-
公开(公告)号:US08423538B1
公开(公告)日:2013-04-16
申请号:US12938205
申请日:2010-11-02
申请人: Eldar Sadikov , Jayant Madhavan , Alon Halevy
发明人: Eldar Sadikov , Jayant Madhavan , Alon Halevy
CPC分类号: G06N7/005 , G06F17/30389 , G06F17/30463 , G06F17/30598 , G06F17/30958 , G06F17/30979
摘要: Methods, systems, and apparatus, including computer programs encoded on computer storage media, for clustering query refinements. One method includes building a representation of a graph for a first query, wherein the graph has a node for the first query, a node for each of a plurality of refinements for the first query, and a node for each document in the document sets of the refinements, and wherein the graph has edges from the first query node to each of the refinement nodes, edges from the first query to each document in the respective document set of the first query, edges from each refinement to each document in the respective document set of the refinement, and edges from each refinement to each co-occurring query of the refinement. The method further includes clustering the refinements into refinement clusters by partitioning the refinement nodes in the graph into proper subsets.
摘要翻译: 方法,系统和装置,包括在计算机存储介质上编码的计算机程序,用于聚类查询优化。 一种方法包括构建用于第一查询的图形的表示,其中该图具有用于第一查询的节点,用于第一查询的多个细化中的每一个的节点,以及用于第一查询的文档集合中的每个文档的节点 并且其中图形具有从第一查询节点到每个细化节点的边缘,从第一查询到第一查询的相应文档集合中的每个文档的边缘,每个细化的边缘到相应文档中的每个文档 精确的集合,以及每个细化的边缘到精炼的每个共同查询。 该方法还包括通过将图中的细化节点划分成适当的子集来将细化聚类成细化簇。
-
公开(公告)号:US08244743B2
公开(公告)日:2012-08-14
申请号:US12796142
申请日:2010-06-08
CPC分类号: G06F17/30241 , G06F17/30091 , G06F17/30312 , G06F17/30554 , G06F17/30991 , G06F17/30994
摘要: Aspects of the invention provide a service for data management and integration across a wide range of applications. Clustered computers may be arranged in a cloud-type configuration for storing and handling large amounts of user data under the control of a front-end management server. Communities of distributed users may collaborate on the data across multiple enterprises. Very large tabular data files are uploaded to the storage facilities. The data files are maintained as tables, and a composite table of related information is created and maintained in response to user queries. Different ways of visualizing the data are provided. Depending on the amount of information that can be displayed, features in a spatial index may the thinned for presentation. Spatial and structured queries are processing and results are intersected to obtain information for display.

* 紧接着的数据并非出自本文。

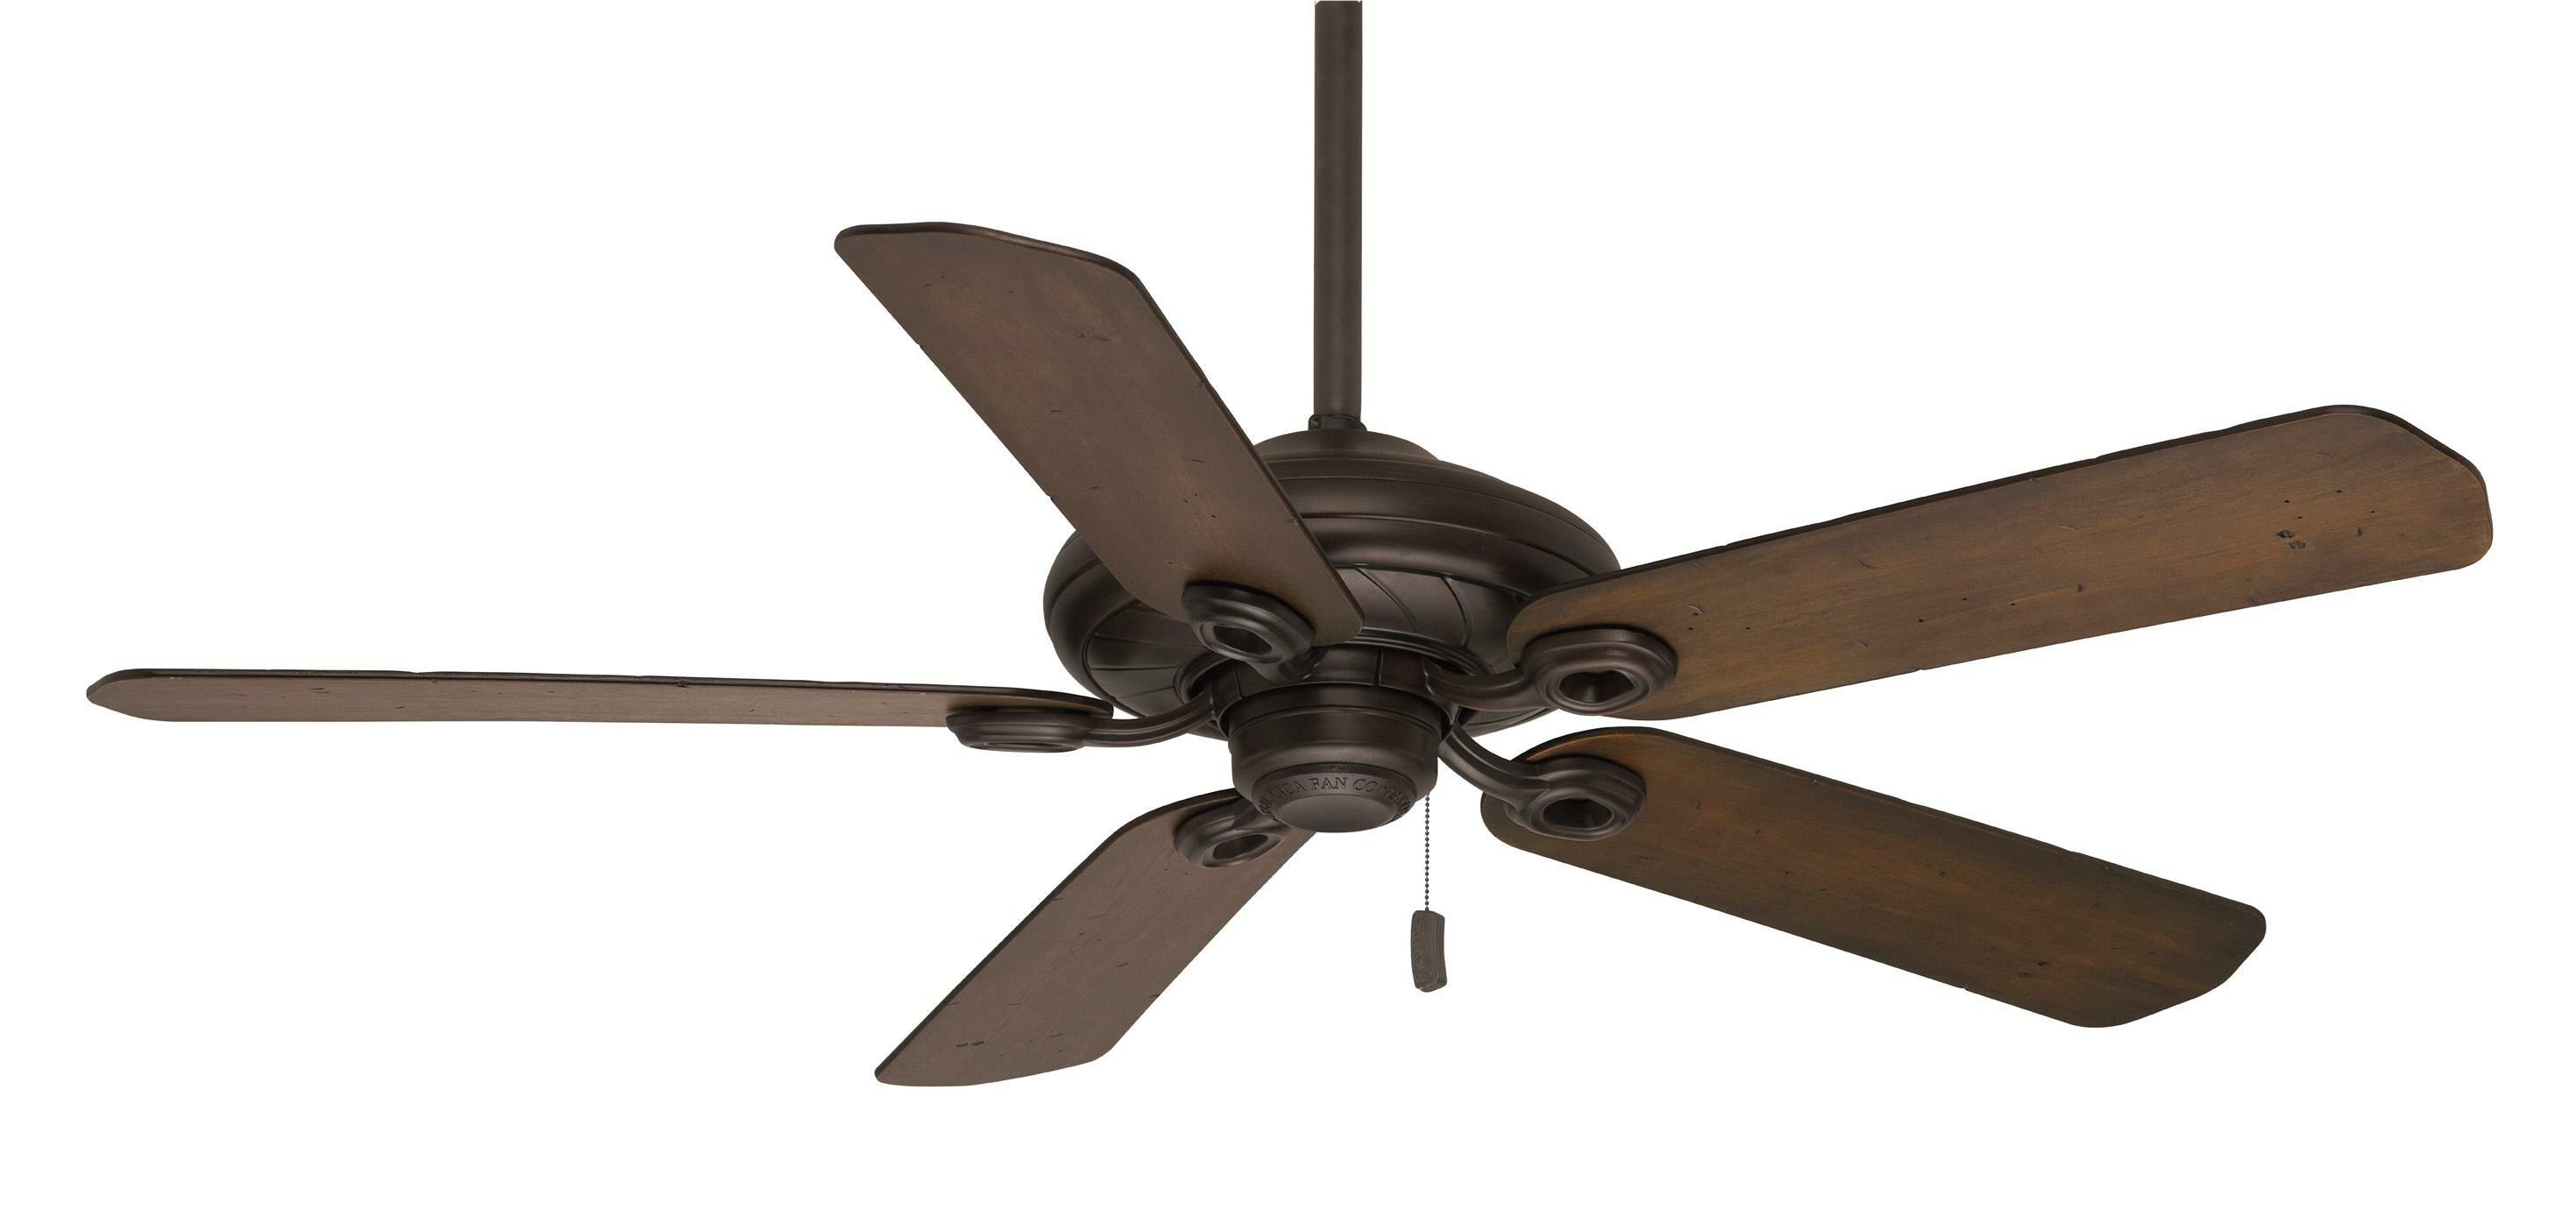 "Casablanca Fan 54"" Capistrano 5 Blades Outdoor Damp Ceiling Fan"

摘要翻译: 本发明的方面提供了用于广泛应用的数据管理和集成的服务。 集群计算机可以以云型配置来布置,用于在前端管理服务器的控制下存储和处理大量的用户数据。 分布式用户的社区可能会跨多个企业的数据进行协作。 非常大的表格数据文件被上传到存储设施。 数据文件被保持为表,并且响应于用户查询创建和维护相关信息的复合表。 提供了可视化数据的不同方法。 根据可显示的信息量,空间索引中的特征可能会变薄以进行呈现。 空间和结构化查询是处理,结果相交以获取显示信息。
-
公开(公告)号:US20110302194A1
公开(公告)日:2011-12-08
申请号:US12796142
申请日:2010-06-08
IPC分类号: G06F17/30
CPC分类号: G06F17/30241 , G06F17/30091 , G06F17/30312 , G06F17/30554 , G06F17/30991 , G06F17/30994
摘要: Aspects of the invention provide a service for data management and integration across a wide range of applications. Clustered computers may be arranged in a cloud-type configuration for storing and handling large amounts of user data under the control of a front-end management server. Communities of distributed users may collaborate on the data across multiple enterprises. Very large tabular data files are uploaded to the storage facilities. The data files are maintained as tables, and a composite table of related information is created and maintained in response to user queries. Different ways of visualizing the data are provided. Depending on the amount of information that can be displayed, features in a spatial index may the thinned for presentation. Spatial and structured queries are processing and results are intersected to obtain information for display.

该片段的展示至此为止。